WHAT IS BEING ASKED: Only the lines from the one containing "Main Image - Rebecca" through the end of the material should be printed, exactly as they appear. Leave out pictures.

GIVEN MATERIAL:
== Segment start ==

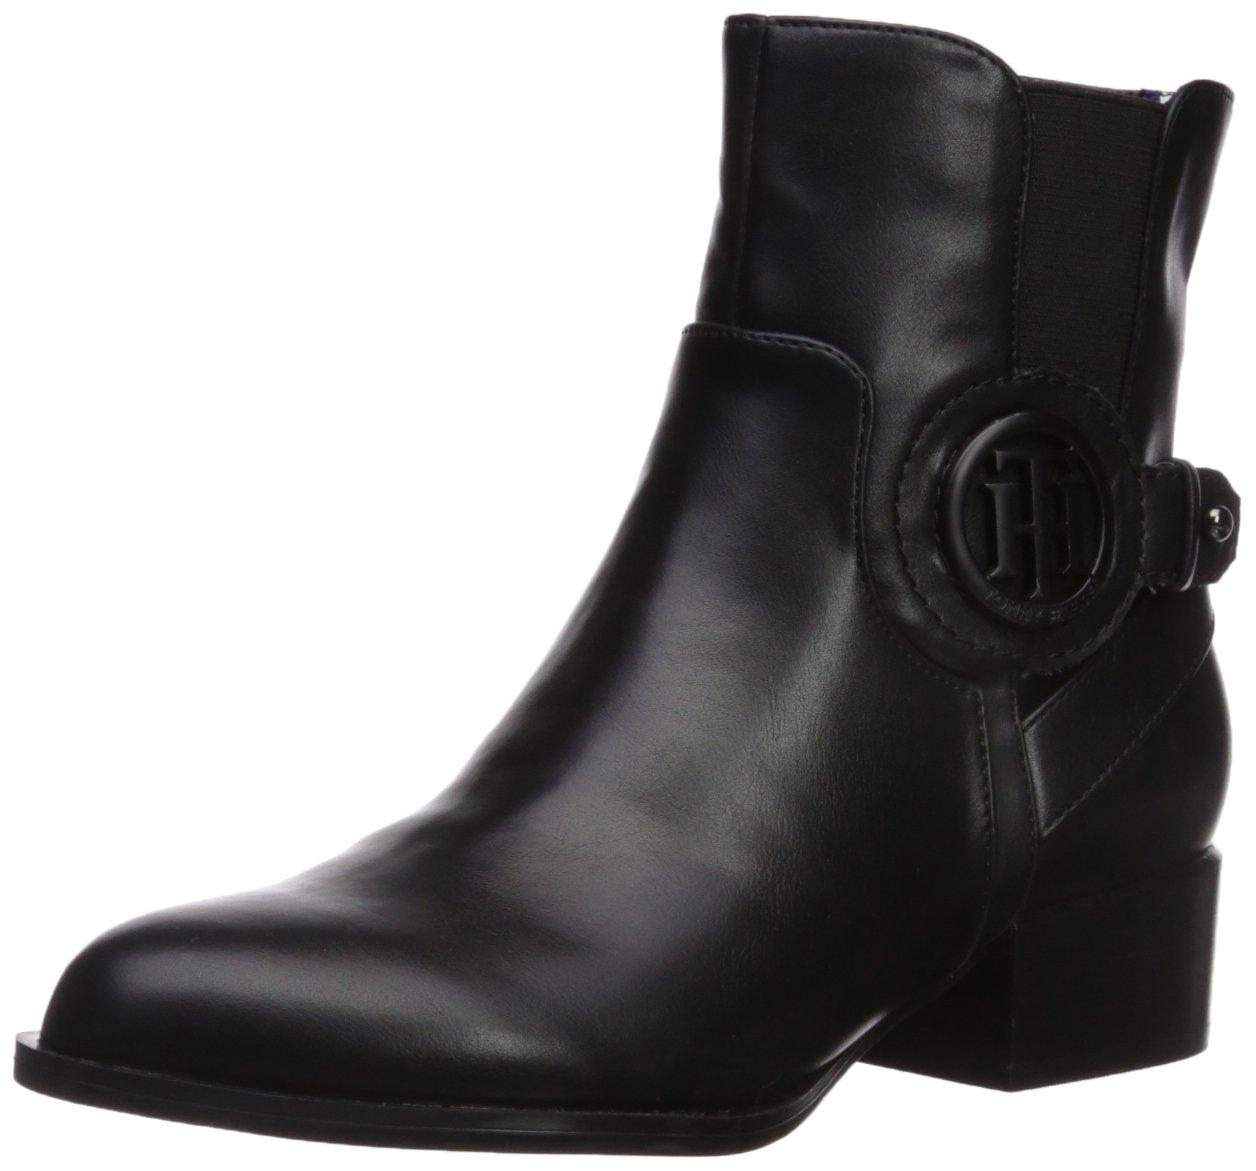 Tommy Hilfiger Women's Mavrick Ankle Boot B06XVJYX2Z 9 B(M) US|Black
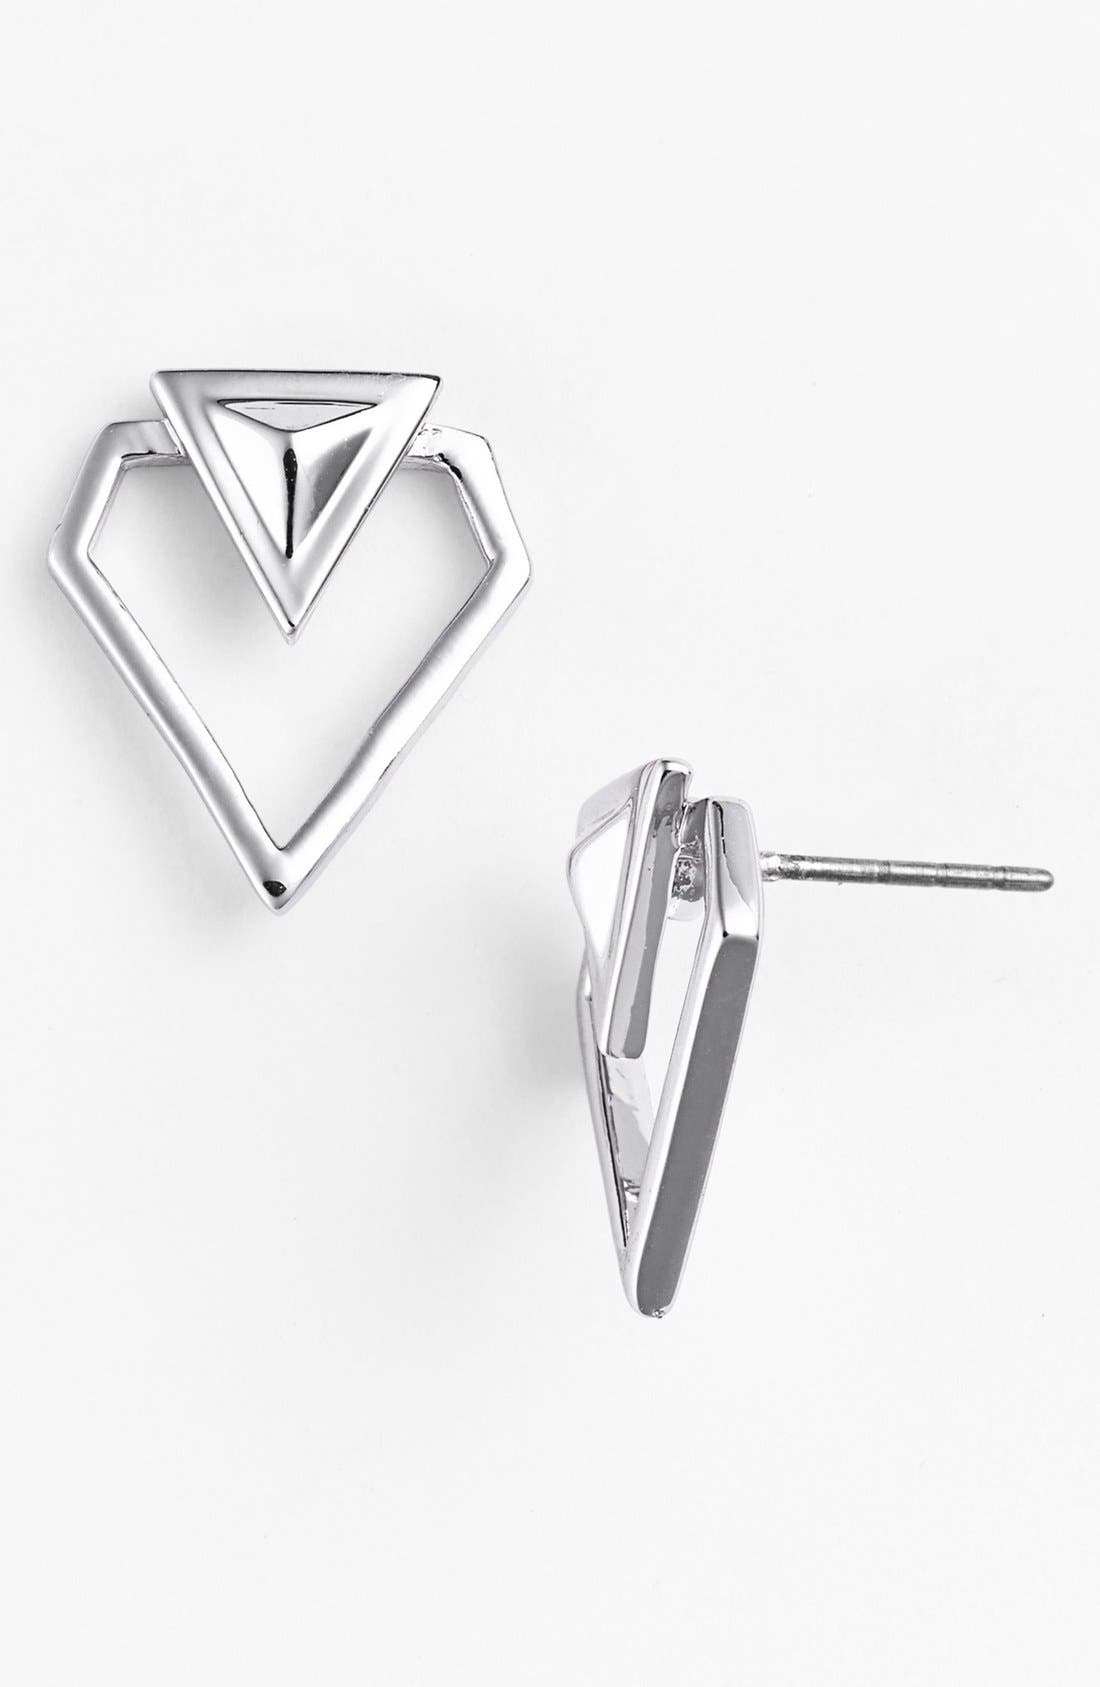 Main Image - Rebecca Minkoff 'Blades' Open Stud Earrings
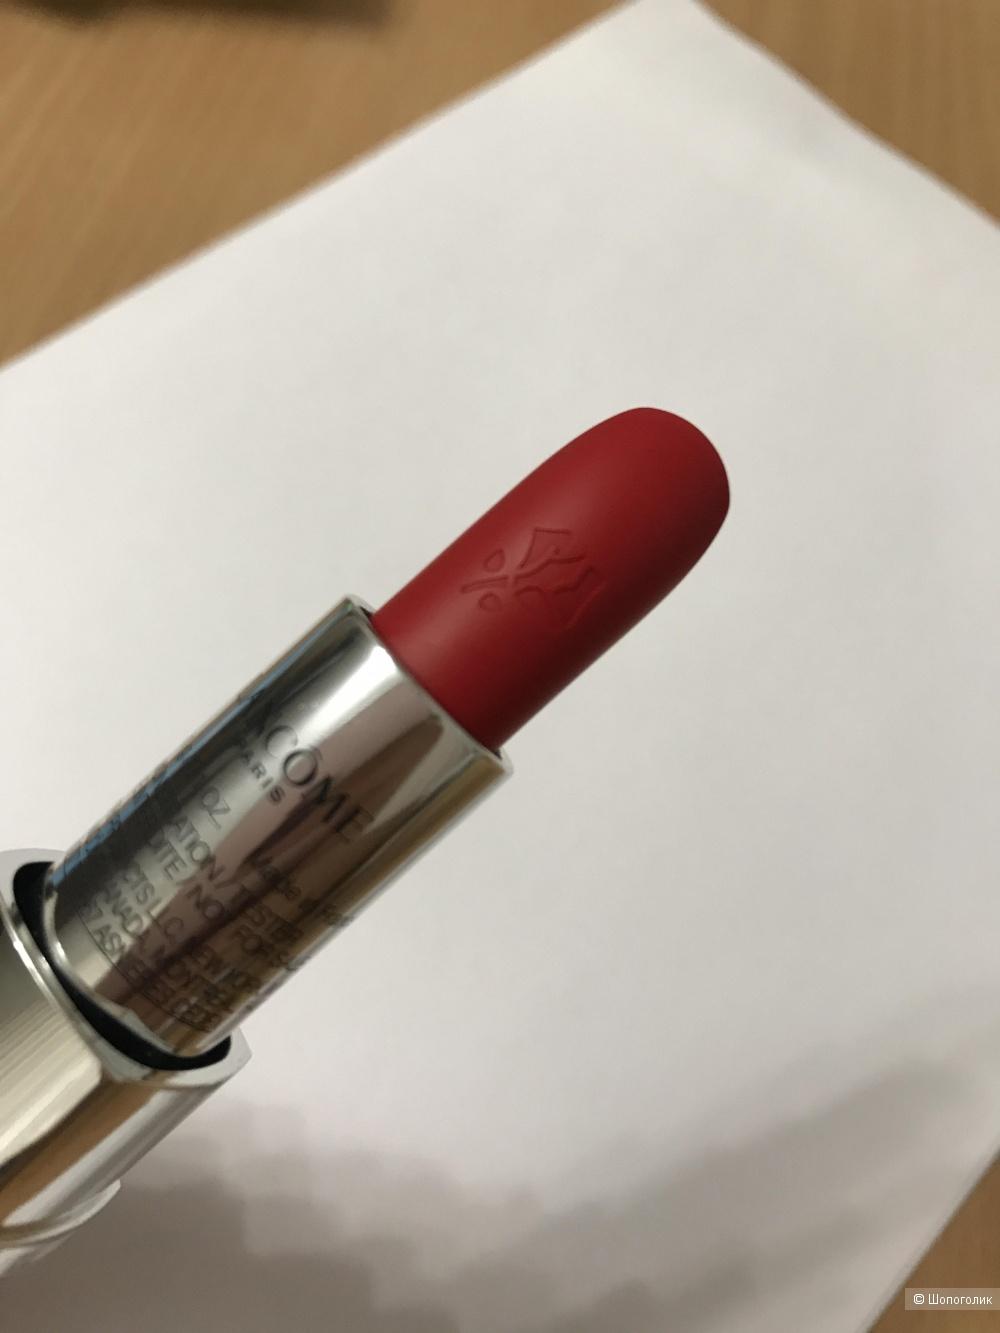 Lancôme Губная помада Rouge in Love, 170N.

== Segment end ==

WRITTEN RESPONSE:
 Main Image - Rebecca Minkoff 'Blades' Open Stud Earrings
 Lancôme Губная помада Rouge in Love, 170N.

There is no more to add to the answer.